If that was true for Haim, it wasn't for a male artist on the lineup.
Danielle stated in the interview:
"We didn’t think twice about it, but we later found out that someone was getting paid 10 times more than us. And because of that we fired our agent."
"It’s fucked up not even to be paid half the same amount," added Alana in the Grazia interview. "But to be paid a tenth of that amount of money? It was insane."
It's on agents to make sure that their clients receive fair compensation for their work, and agents accepting a lower rate for women than they may for their male clients can explain why the pay gap in the entertainment industry exists. But by firing the agent who allegedly wasn't willing to work to bridge the pay gap, Haim is setting an example: Women artists won't tolerate being paid less than their male peers.

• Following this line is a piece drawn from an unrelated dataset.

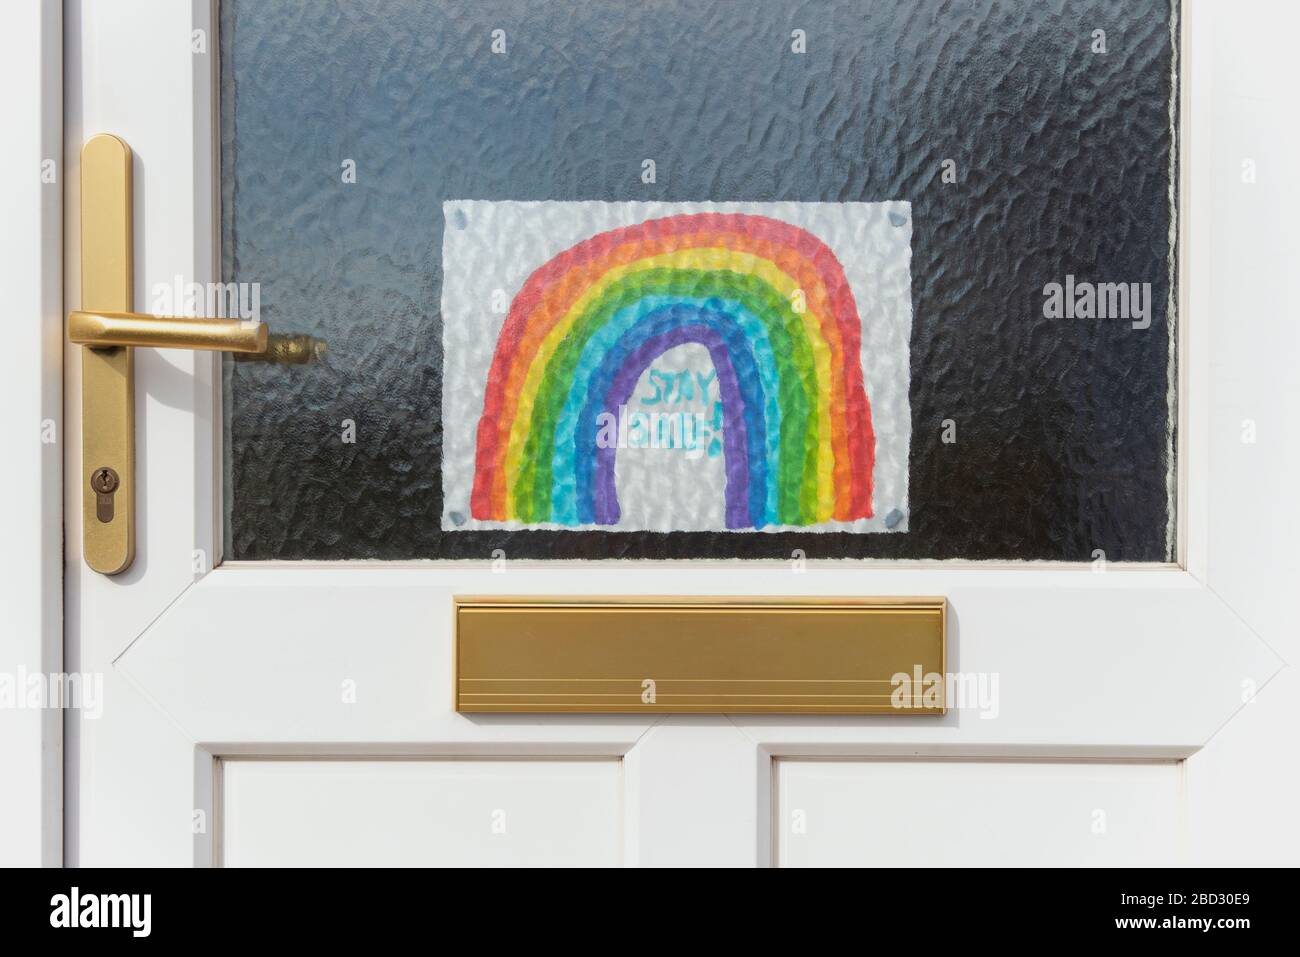 Disegno di un arcobaleno bloccato ad una porta d'ingresso durante la pandemia Covid-19 del 2020, incoraggiando la gente a rimanere al sicuro rimanendo a casa, da Anna Anderson Foto Stock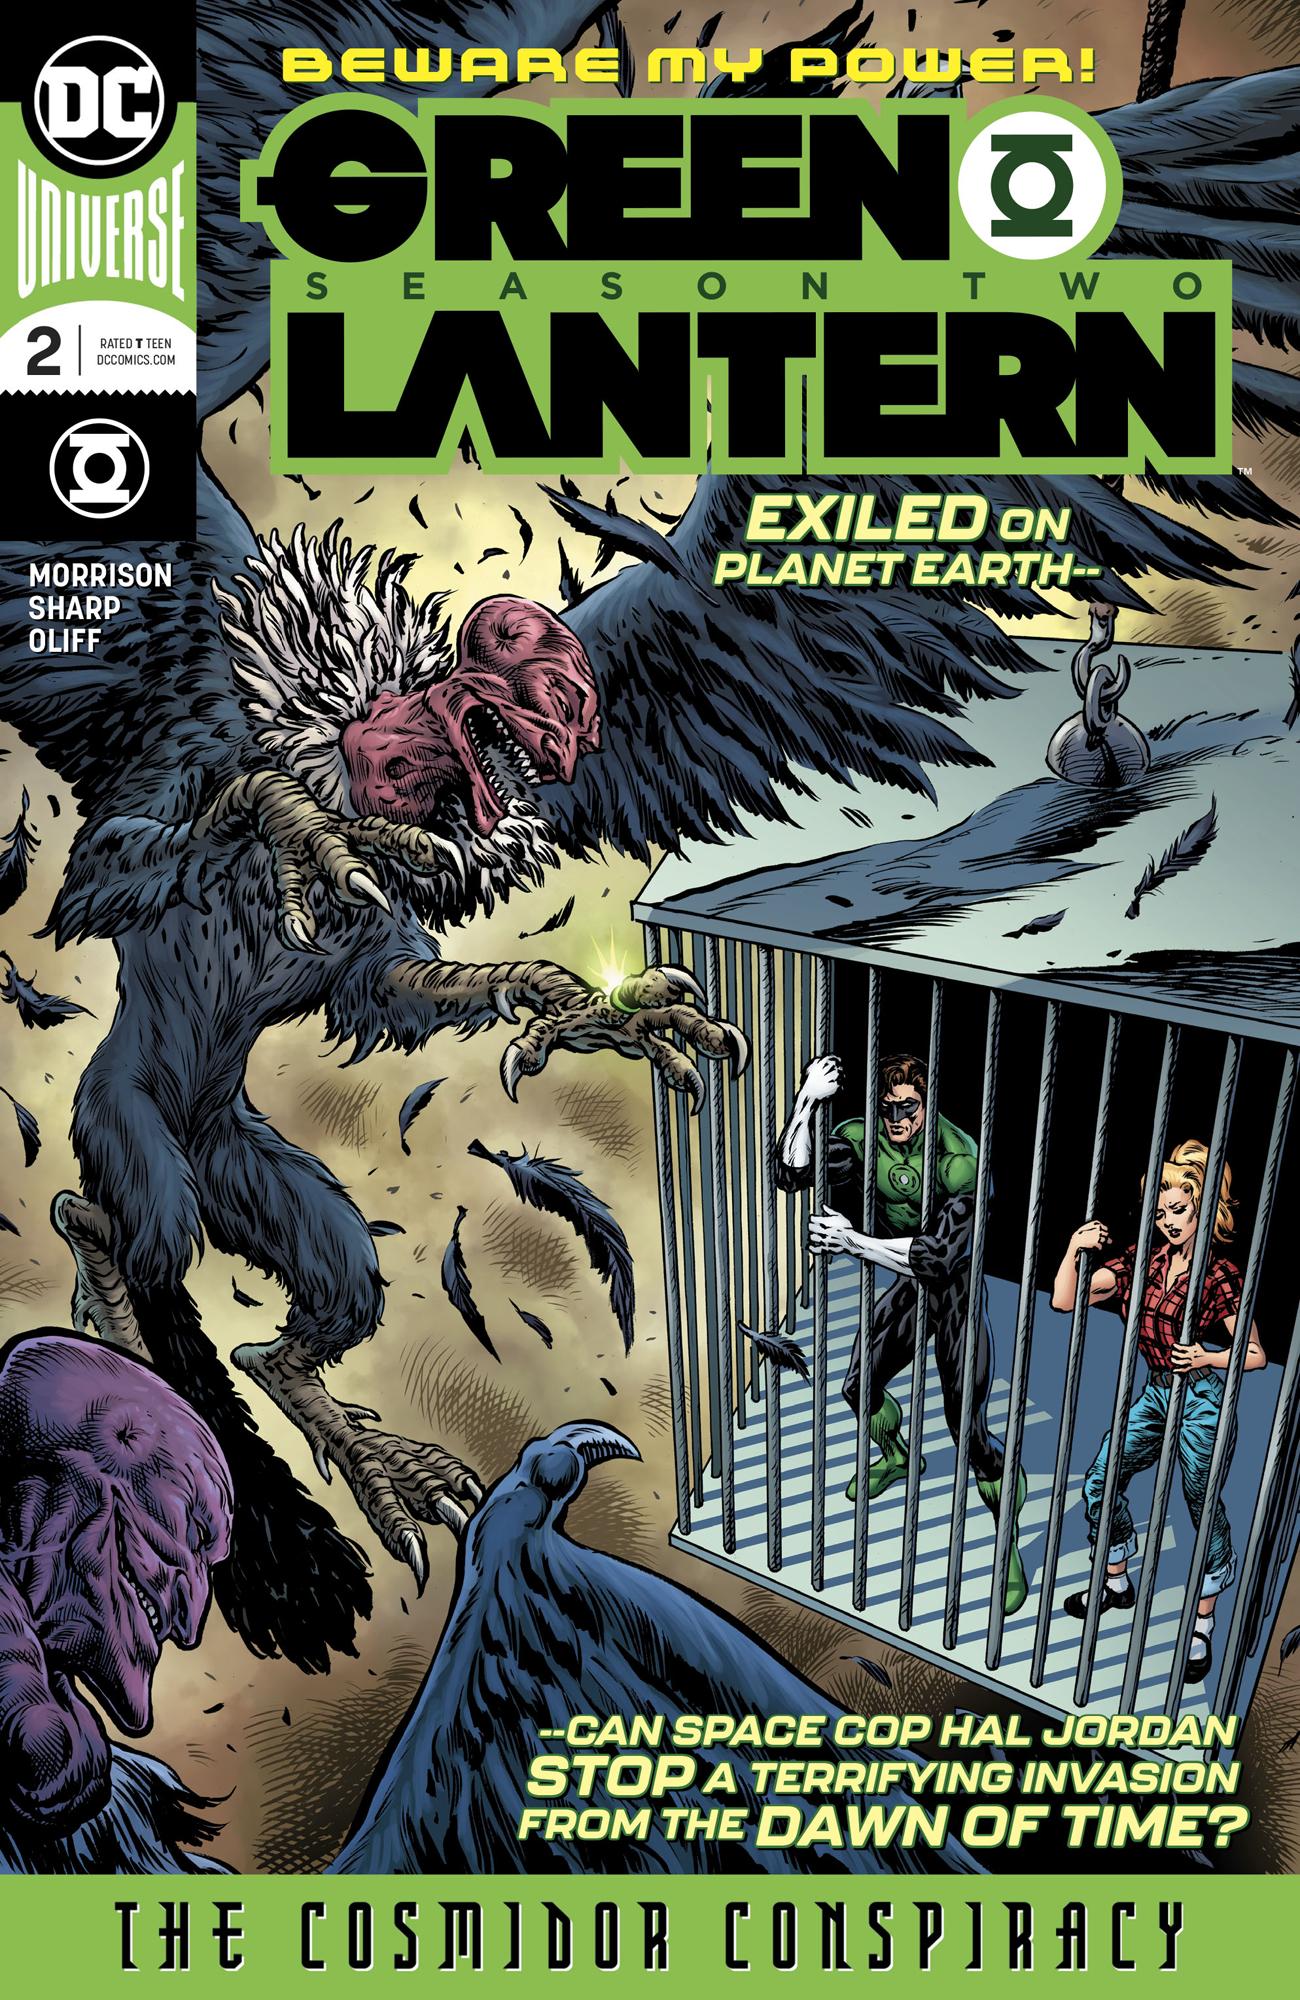 DC Comics GREEN LANTERN SEASON 2 #2 (OF 12)

Nor should they.
It's a lesson that some artists have learned the hard way. In her 2017 essay for Lenny Letter, actress Jennifer Lawrence shared how, initially, she was worried about coming off poorly by fighting for higher wages during negotiations.
"I didn't want to seem 'difficult' or 'spoiled,'" Lawrence wrote. "At the time, that seemed like a fine idea, until I saw the payroll on the Internet and realized every man I was working with definitely didn't worry about being 'difficult' or 'spoiled.'"
Let's hope that Haim is making exactly what they deserve these days — and has the right people in their corner ready to work to make it happen.